Memory that was allocated (via malloc) but not released back the system (via free),
Use of previously allocated memory (accessing memory you free’d),
Any memory access beyond either your allocated region (for heap memory) or beyond your stack (for stack memory),
…and many, many more types of memory misuse.

You will earn 67% of the credit for the MP for completing the MP. The other 33% of your grade can only be earned if your program passes all of the test cases and runs valgrind clean. To run valgrind clean, your must:

Compile all test cases on the command line using make test,
Run all test cases using valgrind --leak-check=full --show-leak-kinds=all ./test,
Your valgrind output must report BOTH of the following:
- All heap blocks were freed -- no leaks are possible, showing you free’d all memory before existing, AND
- ERROR SUMMARY: 0 errors from 0 contexts, showing you made no memory errors.

Until you run valgrind clean, you should expect differences between the GitHub Action grader and your local run.

macOS Specific Information

Sadly, valgrind support on macOS is limited. However, Docker provides a Linux environment on macOS:

Build a light-weight docker: docker build -t cs340 .
Run make clean to clear any old compiled code that may be compiled outside of docker: docker run --rm -it -v "`pwd`":/mp1 cs340 "make clean"
Run make test to compile the test case inside of docker: docker run --rm -it -v "`pwd`":/mp1 cs340 "make test"
Run valgrind ./test to run the test case with valgrind inside of docker: docker run --rm -it -v "`pwd`":/mp1 cs340 "valgrind ./test"

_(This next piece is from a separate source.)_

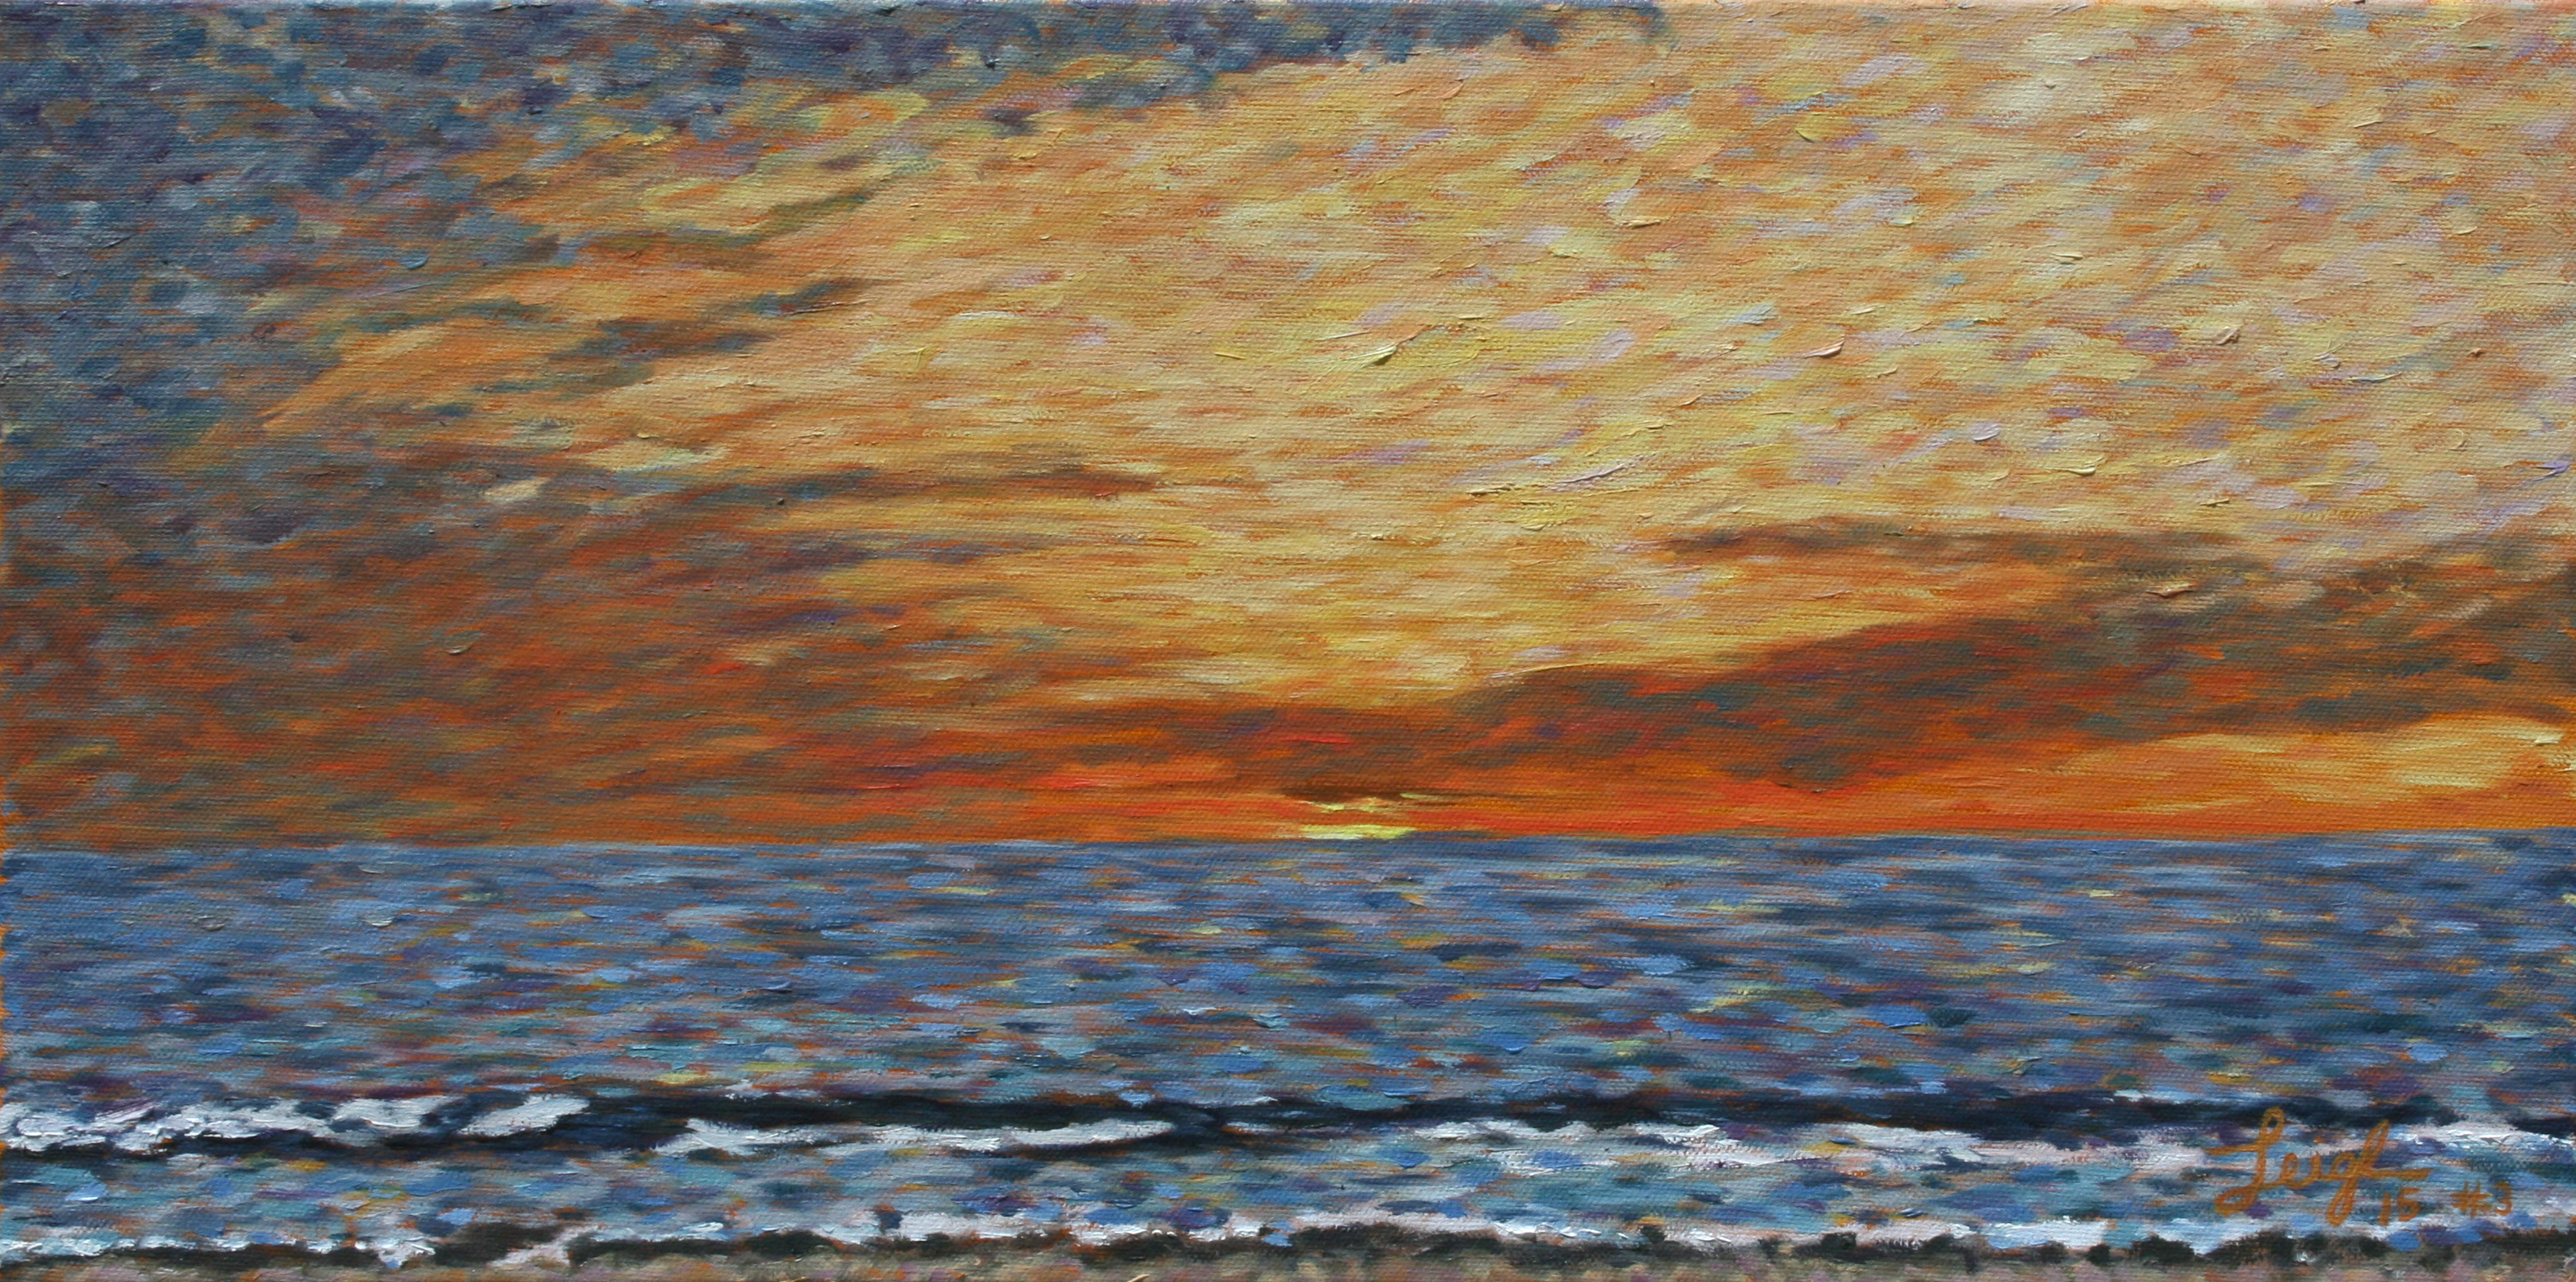 Sunset 2015 #3  ~   Leslie Anderson La Jolla, CA 2015 • 12 x 24
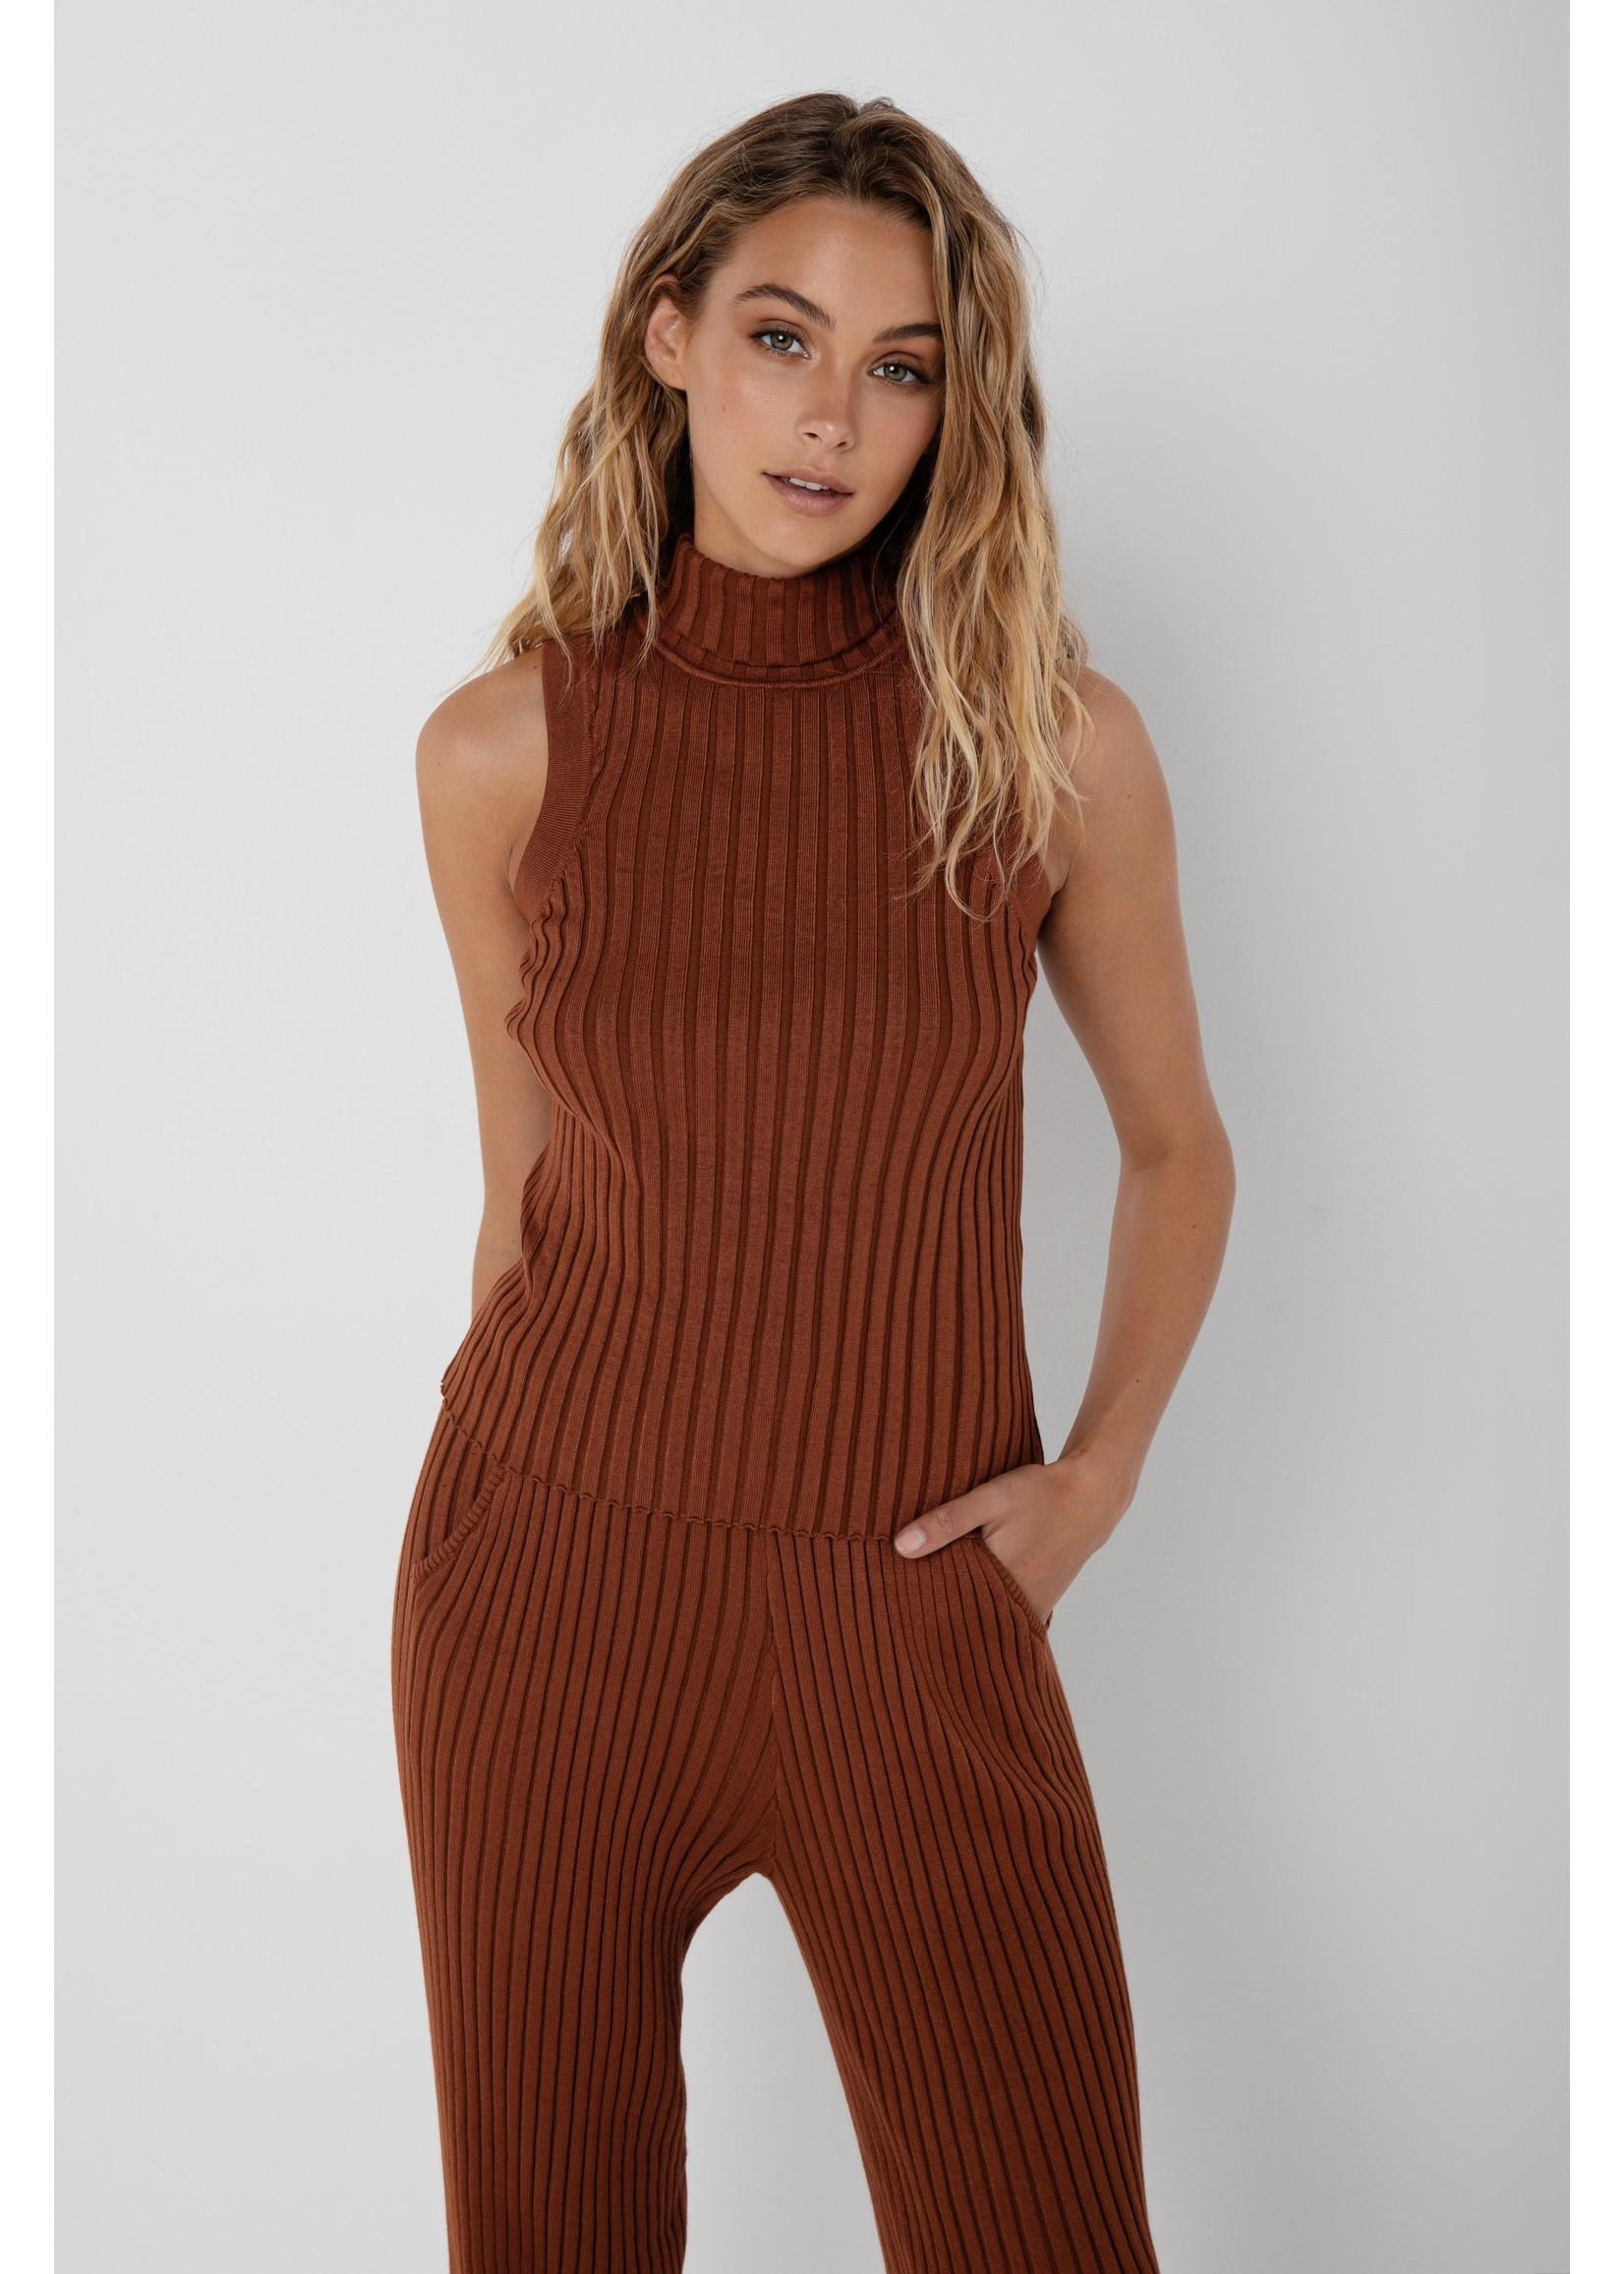 Madison the Label Gabbi Knit Top

Alternatively, you can copy your code to your course VM and run valgrind there.

4 Modifiable Files

In your solution, you must only modify the following files. Modifications of other files may break things:

emoji.c
emoji.h
emoji-translate.c
emoji-translate.h

5 Testing Your Program

To compile the test suite, run make test.
To run your code, run ./test and everything should pass!

6 Submission and Grading

6.1 Testing Suite

When you are finished working on the MP, you can run a local copy of the same test suite that you will use for grading. To run the test suite:

To compile the test suite, run make test.
To run your code, run valgrind ./test and everything should pass and run valgrind clean!

6.2 Submission

Once you have locally passed all the tests, you will need to submit and grade your code. First commit using the standard git commands:

git add -A
git commit -m "MP submission"
git push

6.3 Grading

The initial grading is done via a manual GitHub Action. You MUST complete this step before the deadline to earn any points for the MP:

Navigate to your repository on https://github.com/cs340-illinois.
Click on the Action Tab
Choose mp1 autograding
Click the green Run Workflow button (located on the blue bar)
Press Run Workflow
You will trigger a GitHub Action that will complete the grading run!

6.4 Weight

Autograding is given 2/3 weight for this MP.

Valgrind is given 1/3 weight for this MP.